El código Hays dictaba en 1955 lo que se podía ver o no en una pantalla de cine. Uno de sus mandamientos prohibía que el adulterio se mostrara como un acontecimiento erótico-festivo. Nada de adultos que juegan a los médicos alegremente. La cana al aire solo podía adivinarse, inferirse de ciertas miradas y dobles sentidos. Los amantes -esos pecadores de la pradera- tenían que aparecer en pantalla no demasiado felices, no radiantes como bobos o como bonobos. O, en caso de tal, después de la aventura, terminar comprendiendo que el matrimonio que conculcaban era el paraíso perdido al que debían regresar.

 “La tentación vive arriba” cuenta la juguetona historia del tipo que se queda de rodríguez en Nueva York y de la chica sin nombre que alquila el apartamento de sus vecinos. Los responsables de aplicar el código Hays reaccionaron con prontitud, y ahora, en los extras del DVD, pueden verse varias escenas originales que no entraron en el montaje final. Insinuaciones muy pícaras que escandalizaban a las viejas y sonrojaban a los guardianes de la moral. Wilder y Axelrod se dejaron las meninges en el empeño de salvar la esencia de su comedia: negociaron, idearon, dieron mil y una vueltas a los chistes, pero al final, para su desconsuelo, tuvieron que firmar un guion que se quedó muy lejos de sus pretensiones. 

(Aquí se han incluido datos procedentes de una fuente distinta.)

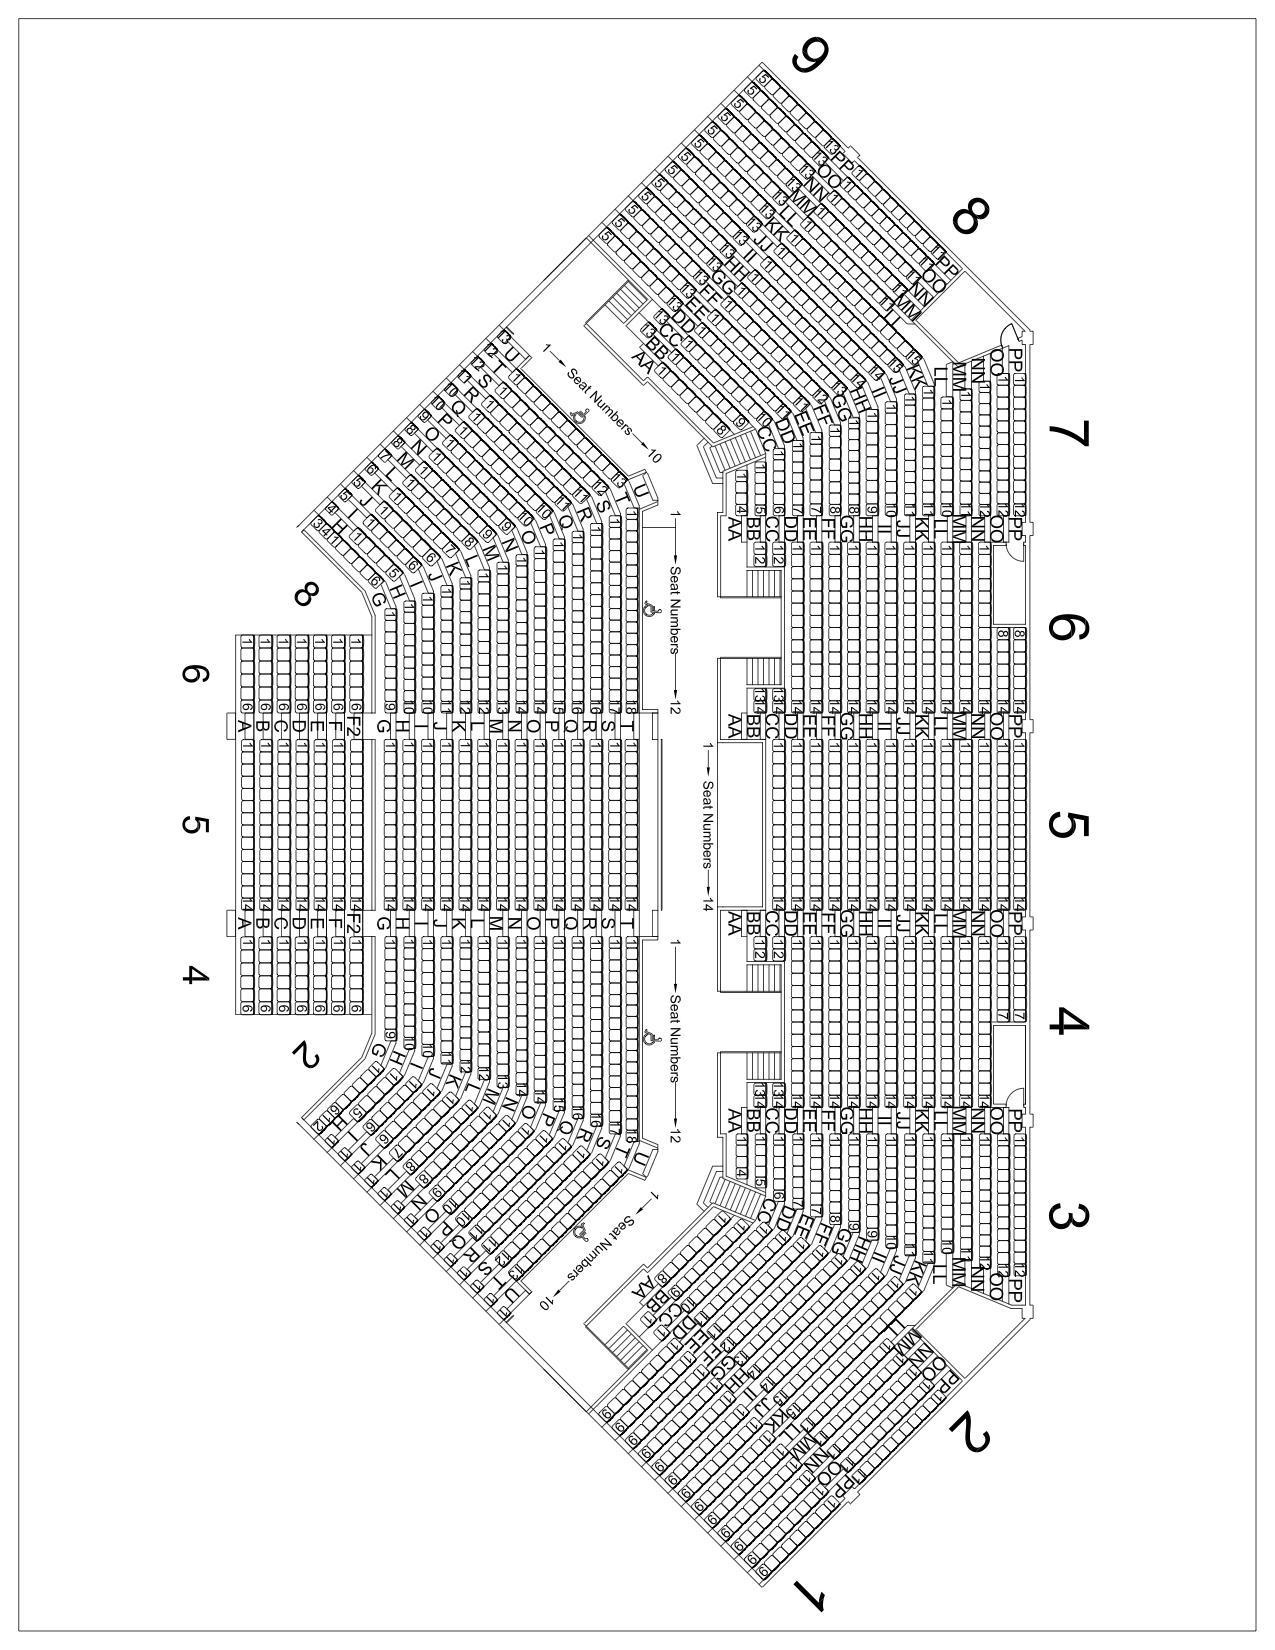 Wsu Beasley Coliseum Seating Chart

Sin embargo, vista hoy en día, su película es inequívocamente provocativa. Escandalosa, diría yo. "La tentación vive arriba" se ha vuelto moderna de puro vieja. Al final no hacía falta enredar tanto con el guion: la mera presencia de Marilyn Monroe enciende la pantalla, y aunque el adulterio con su vecino finalmente no tenga lugar, el apartamento de Tom Ewell huele todo él a sexo y a deseo. Marilyn habla, sonríe, se contonea; se tropieza con muebles, tira macetas, derrama líquidos; se levanta la blusa para disfrutar un soplo de aire fresco. Sale a la calle y se deja levantar las faldas por el aire que llega del suburbano. En cada cosa que ella hace o que dice, el espectador del siglo XXI se queda igualmente alelado, como sus antepasados de hace más de sesenta años, que se rascaban la comezón de su séptimo aniversario en cines atestados de gente.